**Information shown**
Content starts

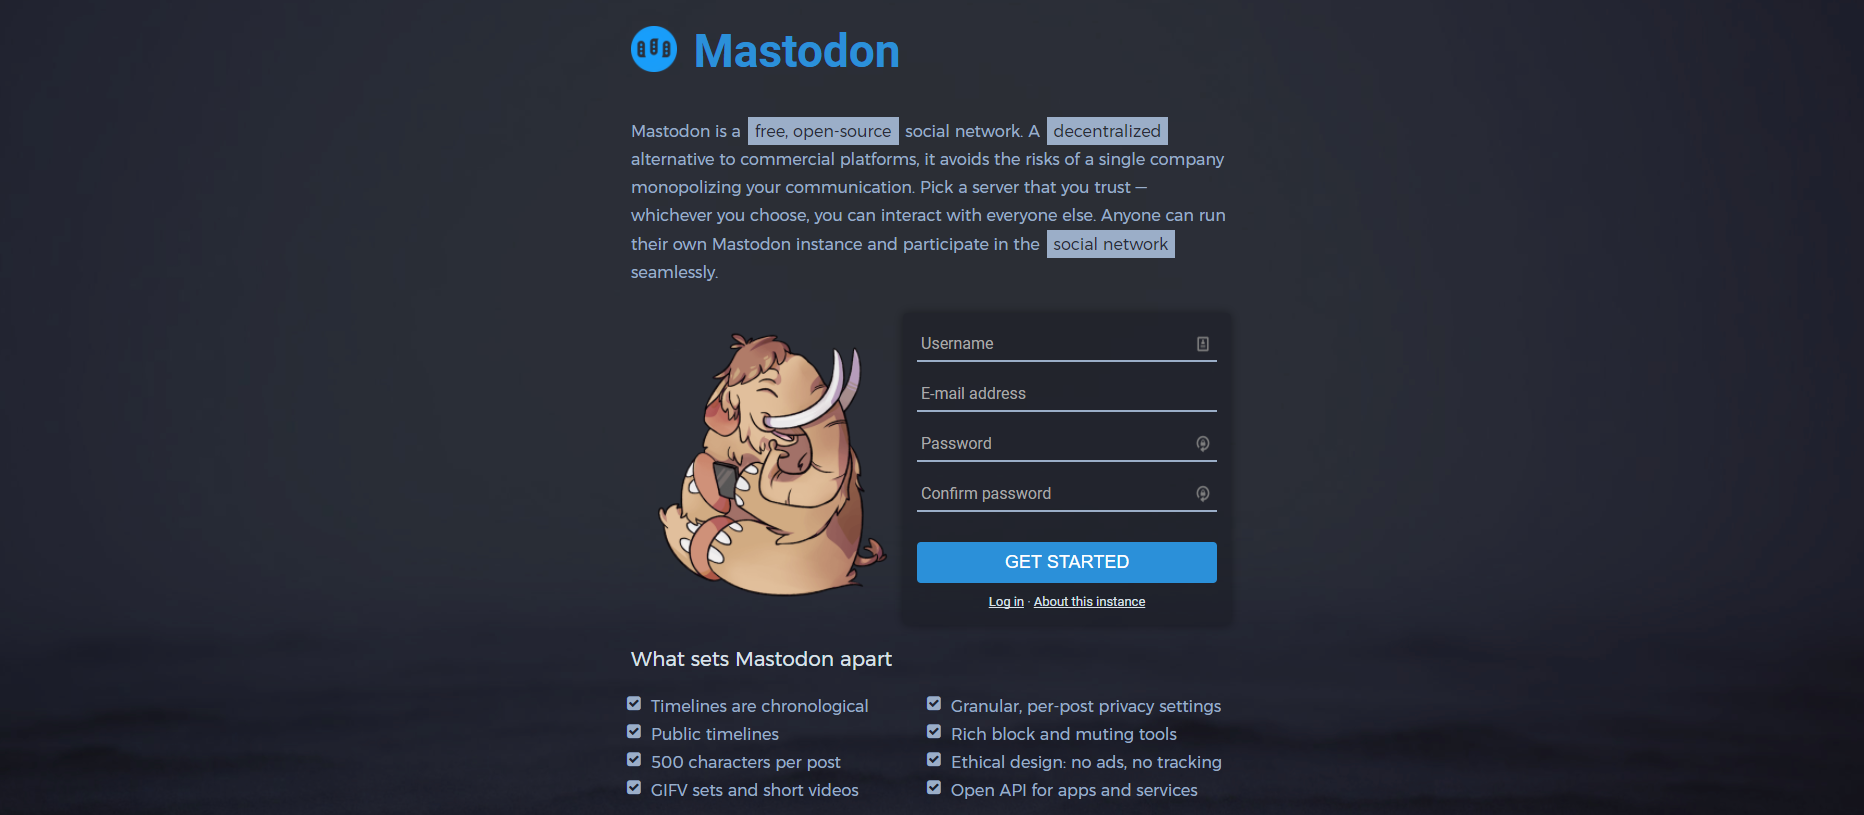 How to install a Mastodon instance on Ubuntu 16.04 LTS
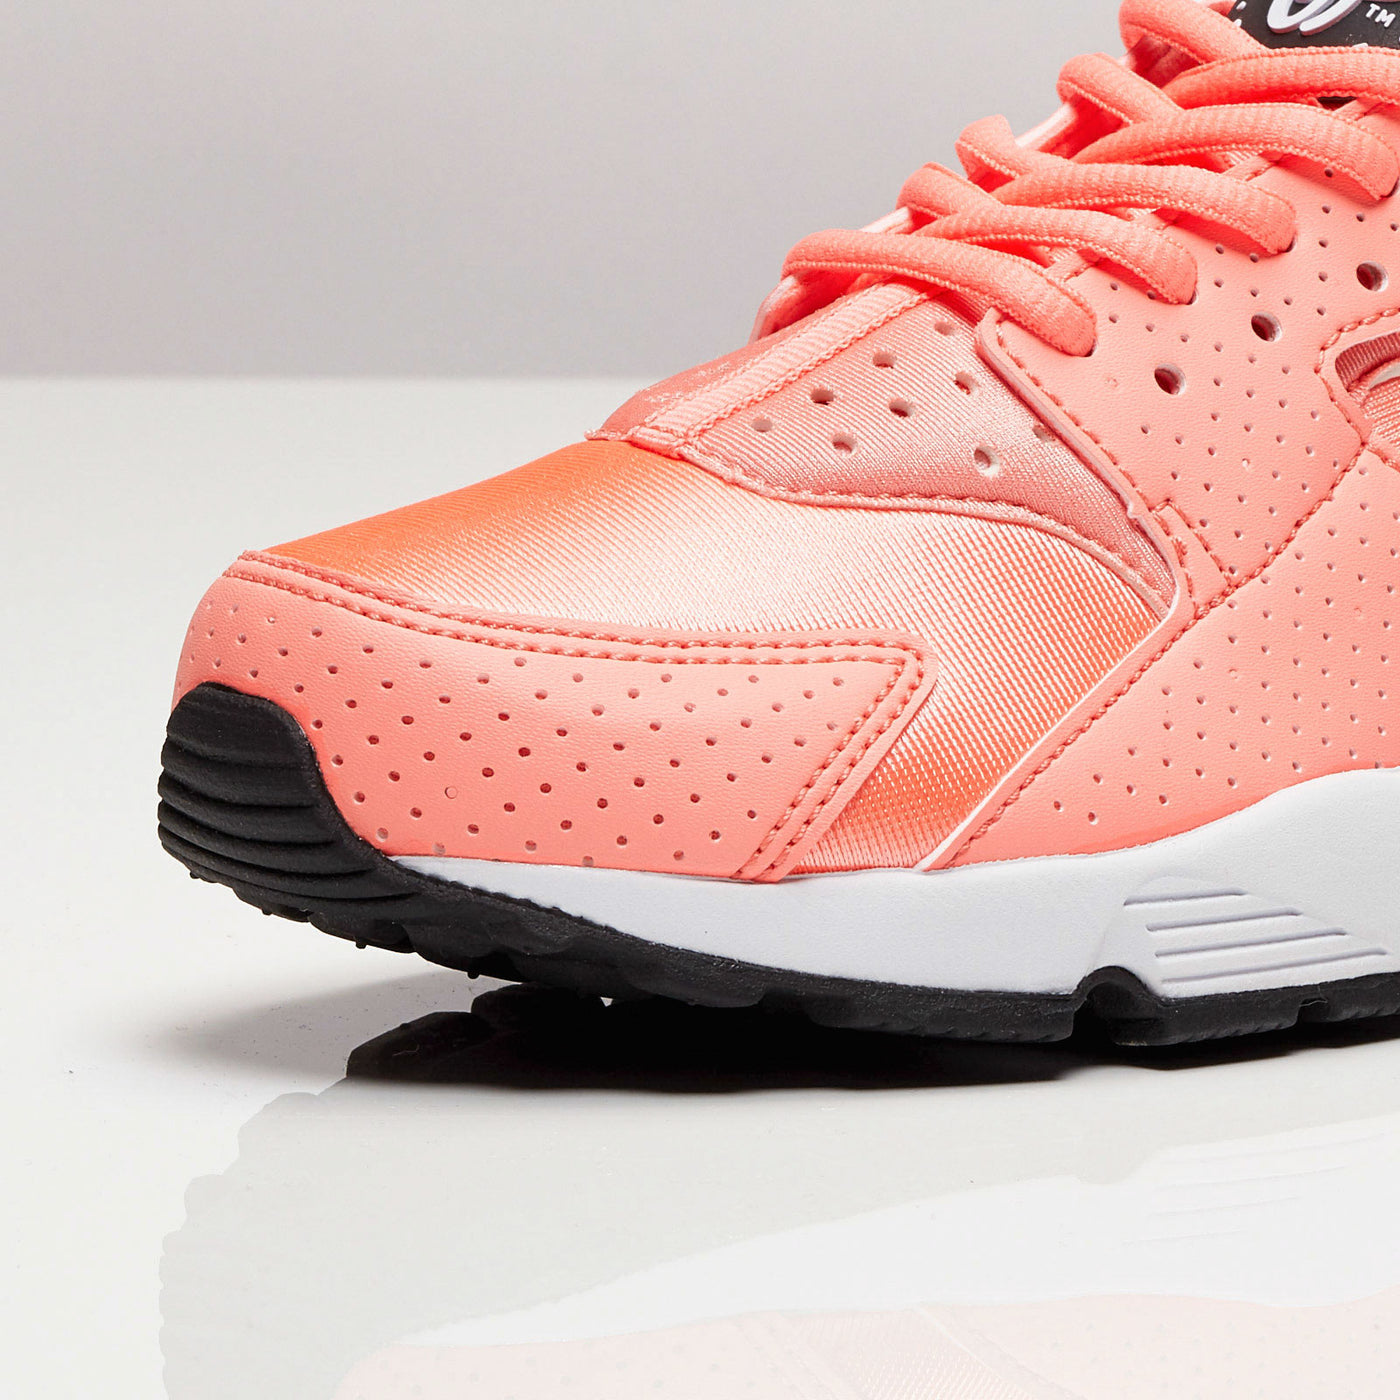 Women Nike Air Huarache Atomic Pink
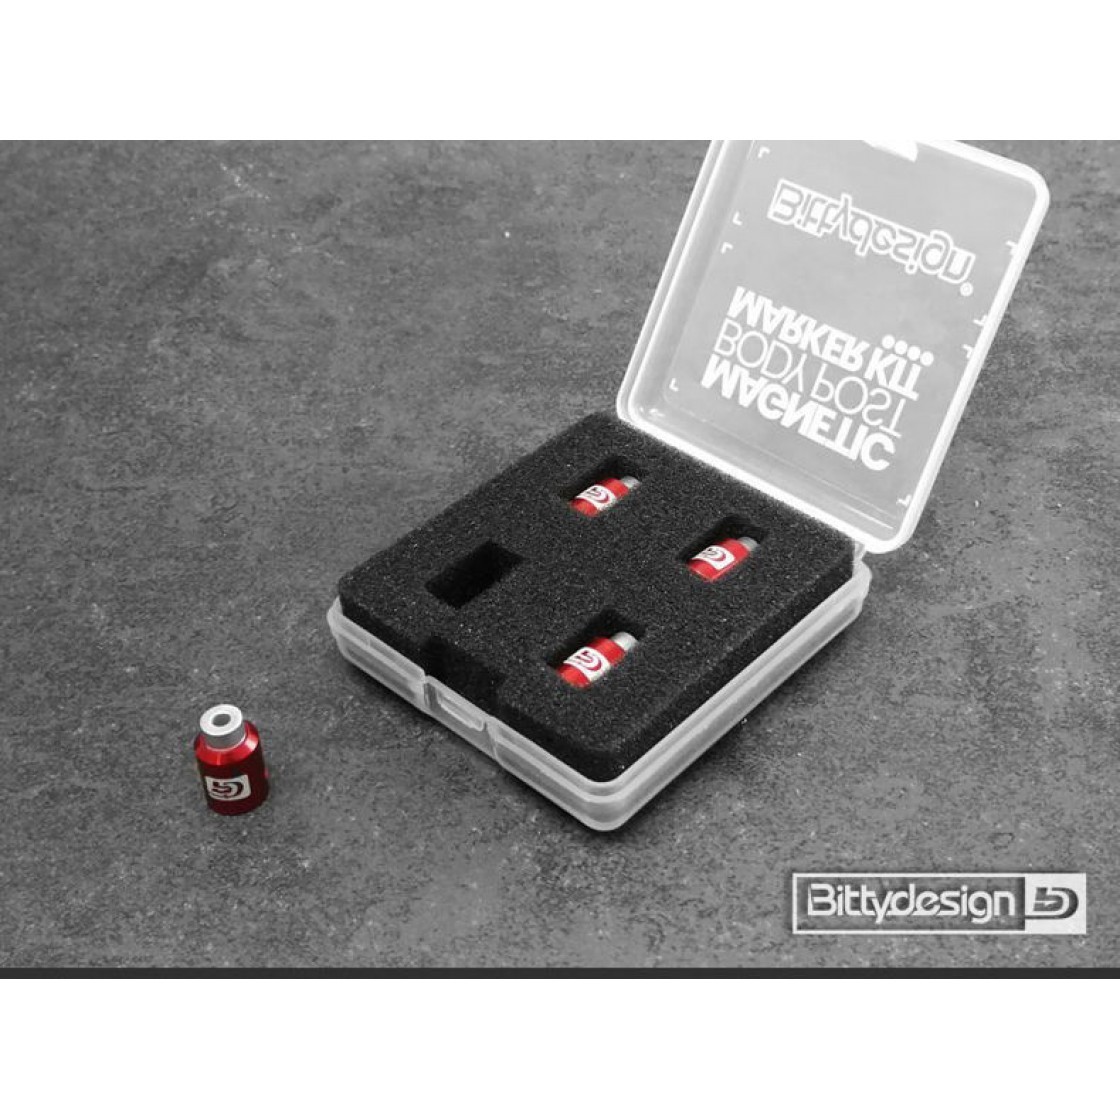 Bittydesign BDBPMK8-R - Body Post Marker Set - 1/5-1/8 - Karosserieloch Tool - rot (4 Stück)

Content ends

**What needs to be done**
Pictures aside, retype the material exactly.

**Task solution**
 How to install a Mastodon instance on Ubuntu 16.04 LTS
 Women Nike Air Huarache Atomic Pink
 Bittydesign BDBPMK8-R - Body Post Marker Set - 1/5-1/8 - Karosserieloch Tool - rot (4 Stück)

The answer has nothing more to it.